Structure Normaliser Service/1.0
From WebLab Wiki
| Details | |
|---|---|
| Service Interfaces | Analyser |
| Exchange model: | WebLab 1.2.2 |
| Versions: |
1.0
|
| Licence | LGPL 2.1 |
| Supported OS | Linux |
| Binary | pdf-normalizer-service-1.0-SNAPSHOT.war |
| Sources | pdf-normalizer-service-1.0-SNAPSHOT-sources.jar |
| Javadoc | pdf-normalizer-service-1.0-SNAPSHOT-javadoc.jar |
| SVN | pdf-normalizer |
| Maven Artifact | |
|
<groupId>org.ow2.weblab.webservices</groupId> <artifactId>pdf-normalizer-service</artifactId> <version>1.0-SNAPSHOT</version> | |
| Release Note | |
This service will retrieve the dc:source annotation from a resource and it will try to convert it in a PDF format. This service supports document from file system or http/ftp document from the web. Its goal is to normalise any multimedia document into WebLab resources without losing all the structure information.

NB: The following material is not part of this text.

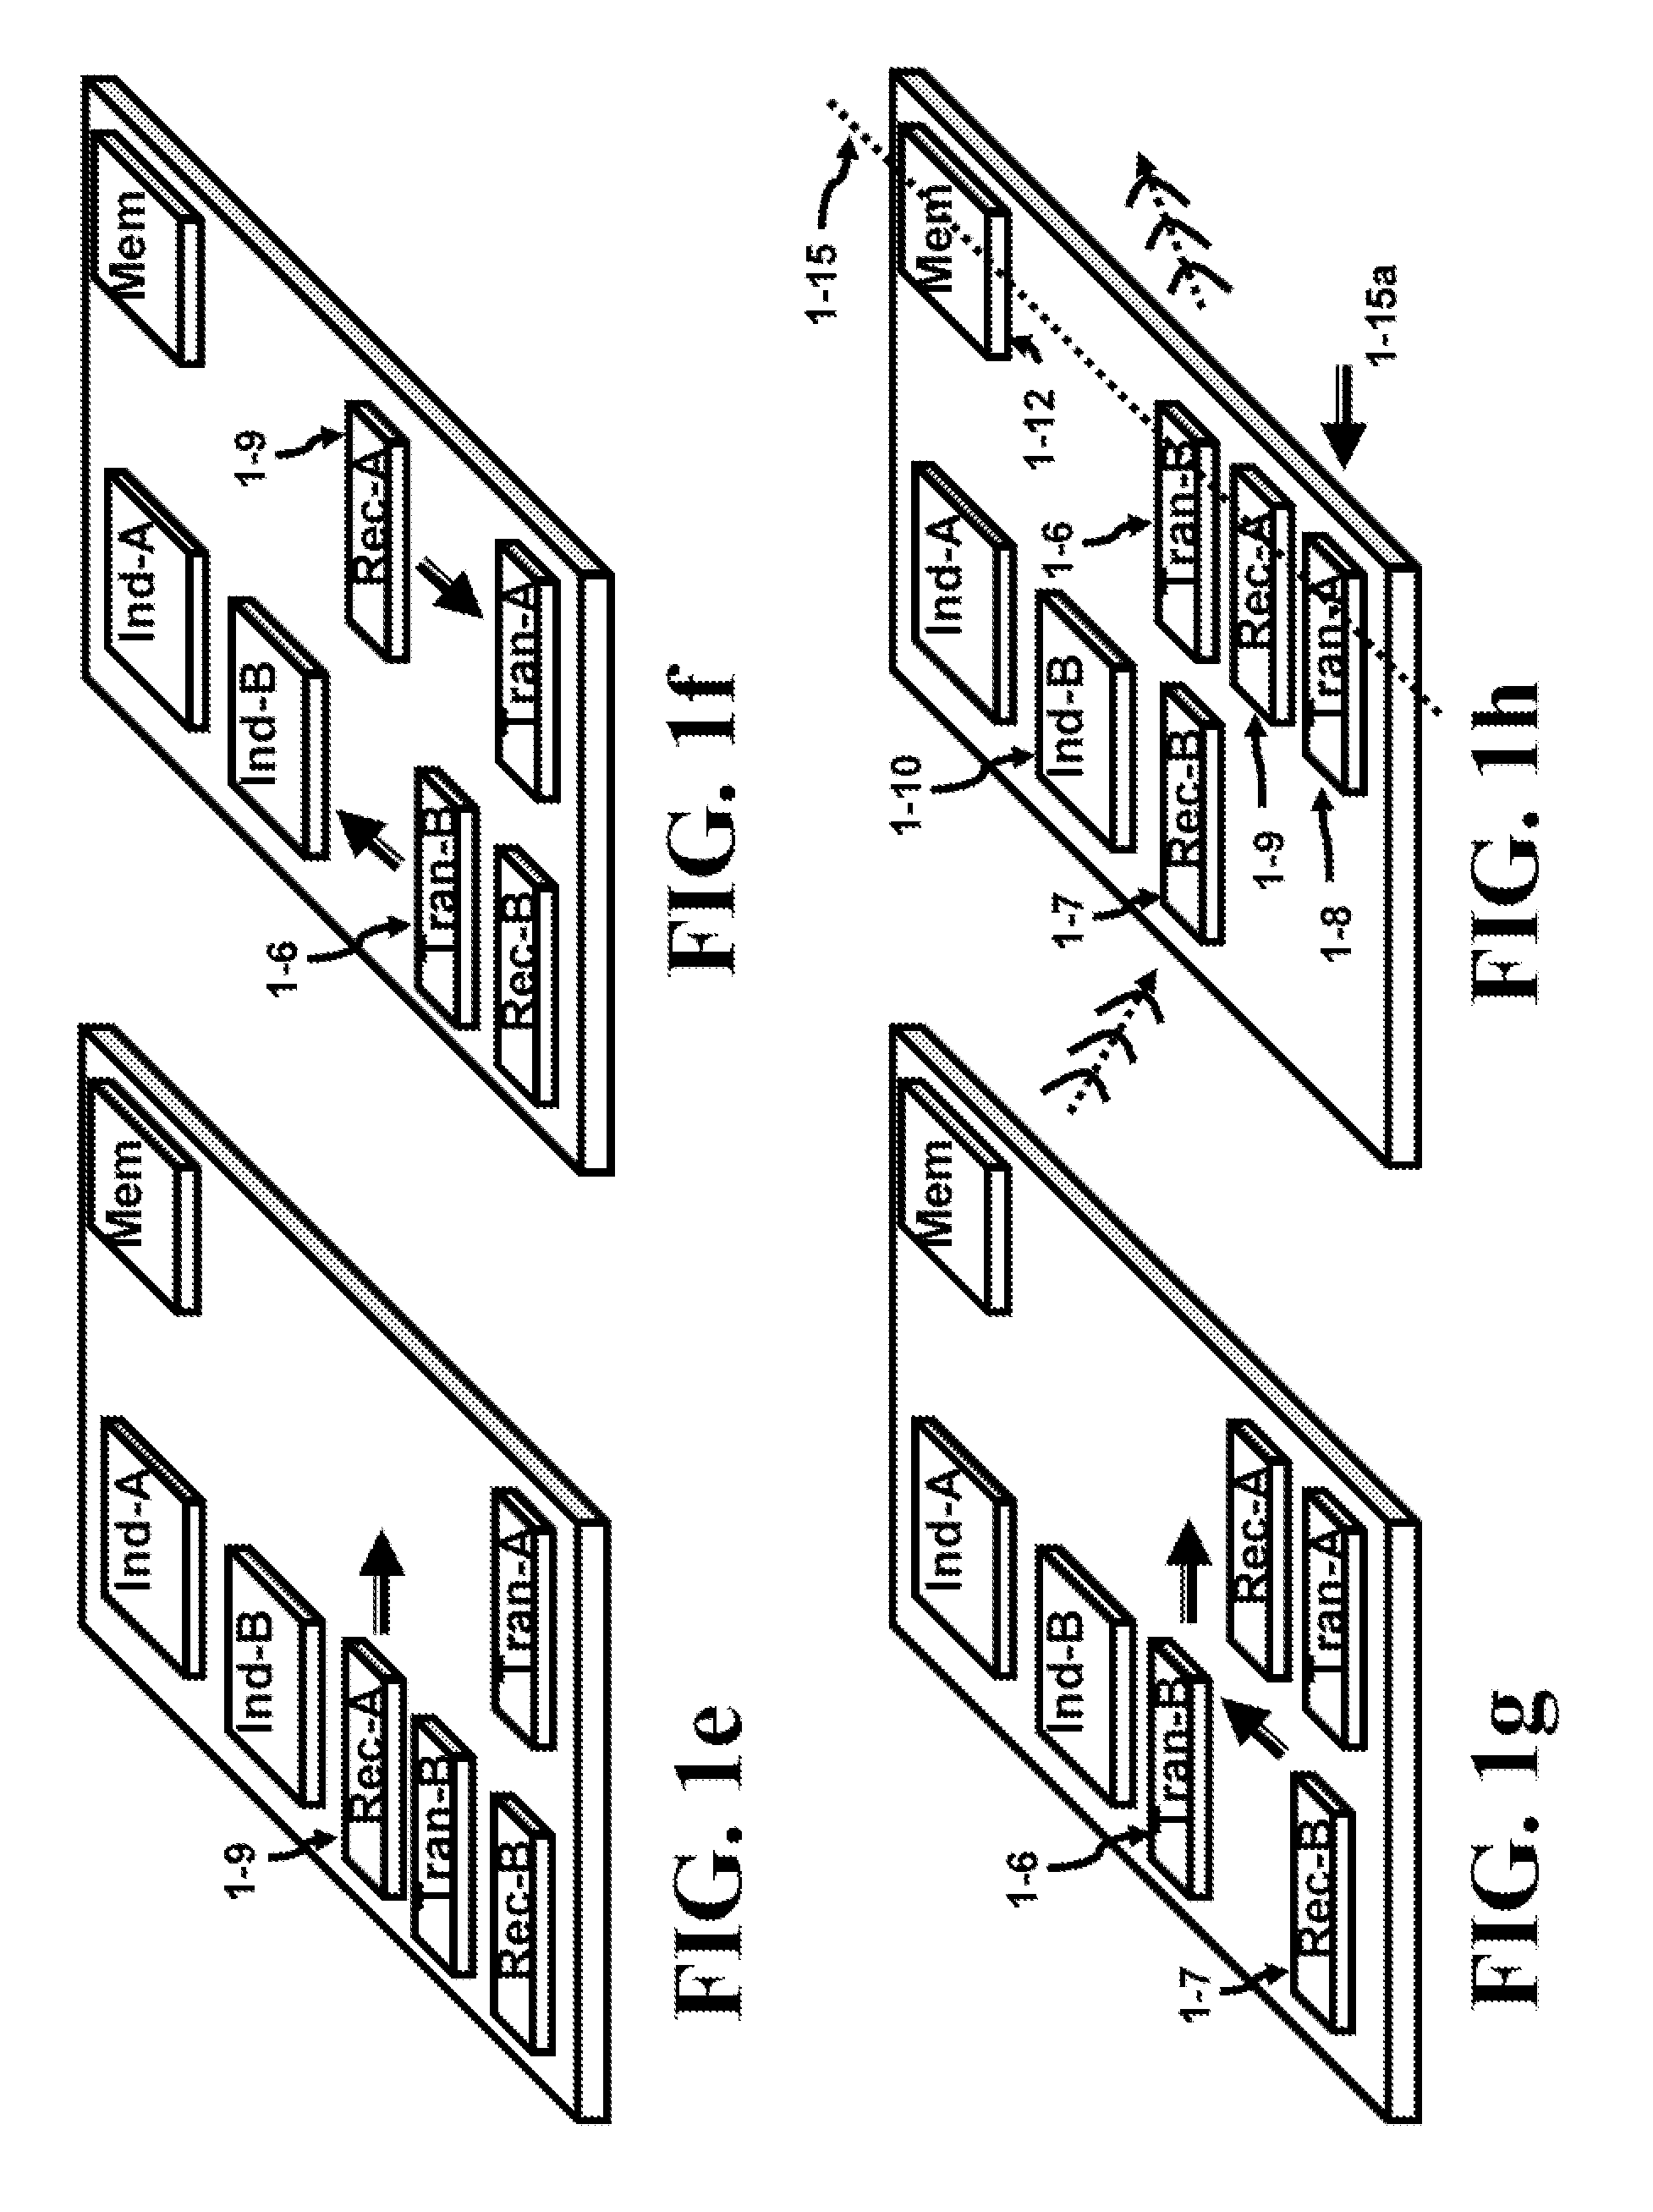 Levitating substrate being charged by a non-volatile device and powered by a charged capacitor or bonding wire

This service will create WebLab MediaUnit and it will refer to structure ontology to annotate position, format and style into WebLab annotations.
Contents |
Installation
You can install pdftohtml with the following script: egc_tools_install.sh
At the following prompt:
$ ./egc_tools_install.sh What do you want to install ? All (by default, press enter) 1. only Libreoffice 2. only wkhtmltopdf 3. only pdftohtml
select 3, then press enter.
It will ask for your administrator's password to download required libraries, compile pdftohtml from sources and install it on your system.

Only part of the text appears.